Dr. Pedre: Yeah? The one that I feel very proud of because I helped in creating this formula is Nature MD’s Gut Connect 365. That’s one thing. It’s important to know, for anyone who tries a probiotic, or any healing powder. If it doesn’t work, it doesn’t mean that all probiotics are bad for them. It just means that that particular formula maybe isn’t the right formula for them. Really, just thinking about the diet. Incorporating fiber. We talked about fermented foods, but testing them out little by little. Not starting out with a whole quarter cup of sauerkraut every day, which is probably close to what I eat when I have sauerkraut at home. One of my favorite things to put on my gluten free toast with a pasture raised egg. If I don’t have avocado, I put sauerkraut on top.
Dr. Carrasco: That sounds pretty good.
Dr. Maren: Yeah. That sounds really good.
Dr. Carrasco: Yeah. We’ve been getting some really great fermented pickles. It’s been making our pasture raised burgers pretty excellent.
Dr. Pedre: Nice.
Dr. Carrasco: Yeah. Well, I’m so thankful that you came on the show, and that you have shared all your wisdom with our audience. I really recommend to our listeners that you read Dr. Pedre’s book, Happy Gut. It’s a wealth of information. He goes super into depth, basically regarding every aspect of gut health. I think that’s a really great guide. Will you tell us where people can find you? You’ve got a really robust Instagram platform.

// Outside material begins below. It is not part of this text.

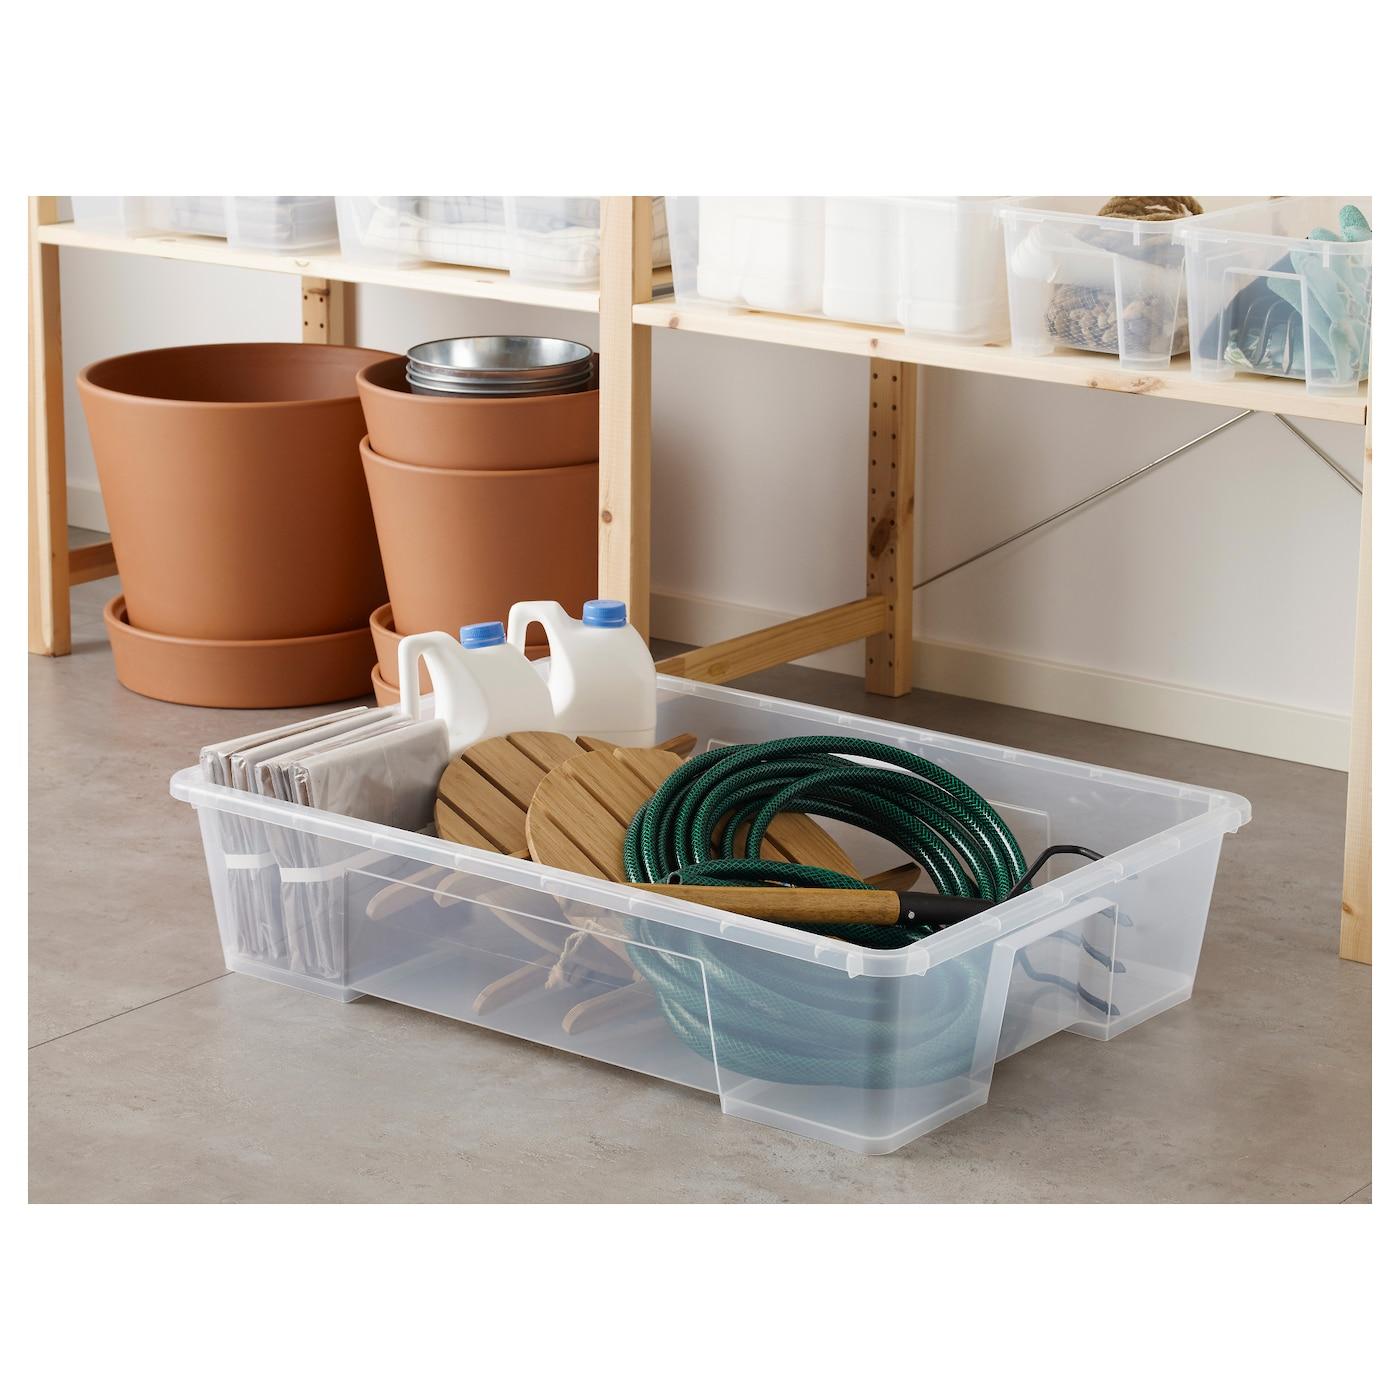 SAMLA kutija providno 78 cm 56 cm 18 cm 55 l
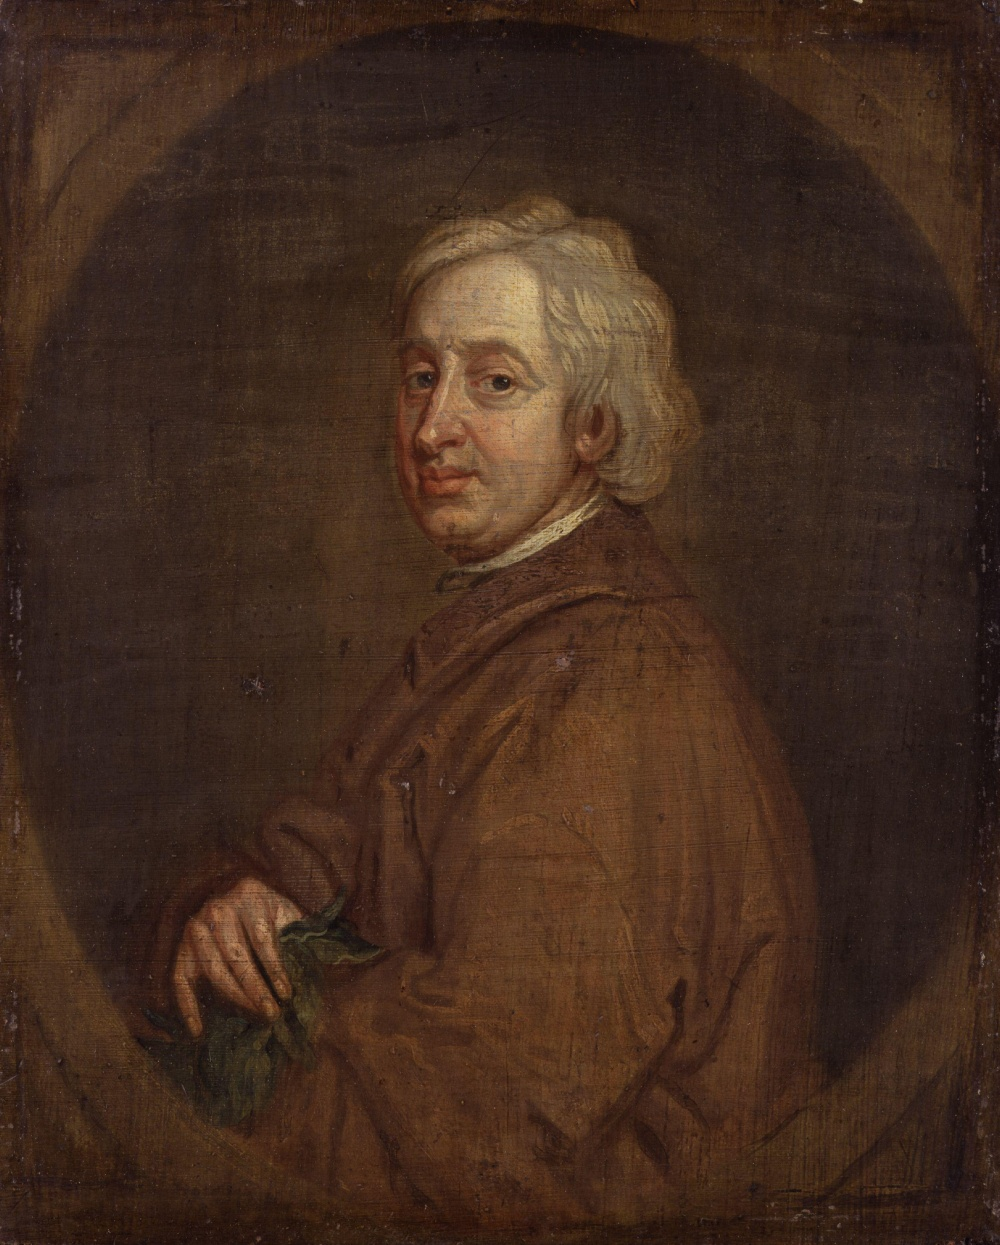 John Dryden (Sir Godfrey Kneller)

Dr. Pedre: Yeah. I’m on Instagram at Dr. Pedre. That’s probably my most active social platform right now. I’m also on Facebook at Dr. Vincent Pedre. They can learn more about me by going to HappyGutLife.com. I put a lot of free information there, including blog posts on different topics. October is breast health month, so we’ve put out some topics on women’s health, on estrogen dominance, and things like that. I also have a free giveaway for your audience.
Dr. Carrasco: Tell us more.
Dr. Pedre: It’s called my Top 10 Tips for a Healthy Happy Gut. It’s basically the Cliff Notes to my book, Happy Gut, so if you don’t have time to read the whole book, then just get the download for free. I think you’ll put it in the show notes. Right?
Dr. Carrasco: Yeah. We’ll put it in the show notes. We’ll put it.
Dr. Pedre: Yeah, so you’ll put the link there. It’s basically my best tips for how to achieve and maintain a healthy happy gut. It’s just rich with information, including, I think, we even have some recipes in there as ideas for people to try out.
Dr. Carrasco: That’s awesome. Well, thank you once again. We’re definitely going to be asking you to return in the future, so I hope you’ll join us again.
Dr. Pedre: Of course. Thank you for having me.
Dr. Carrasco: Thank you.
Dr. Pedre: Finally. It took a little while for us to coordinate this.
Dr. Carrasco: I’m so glad. All right.
Dr. Maren: Thanks, Vincent.
Dr. Carrasco: Thanks so much, Dr. Pedre.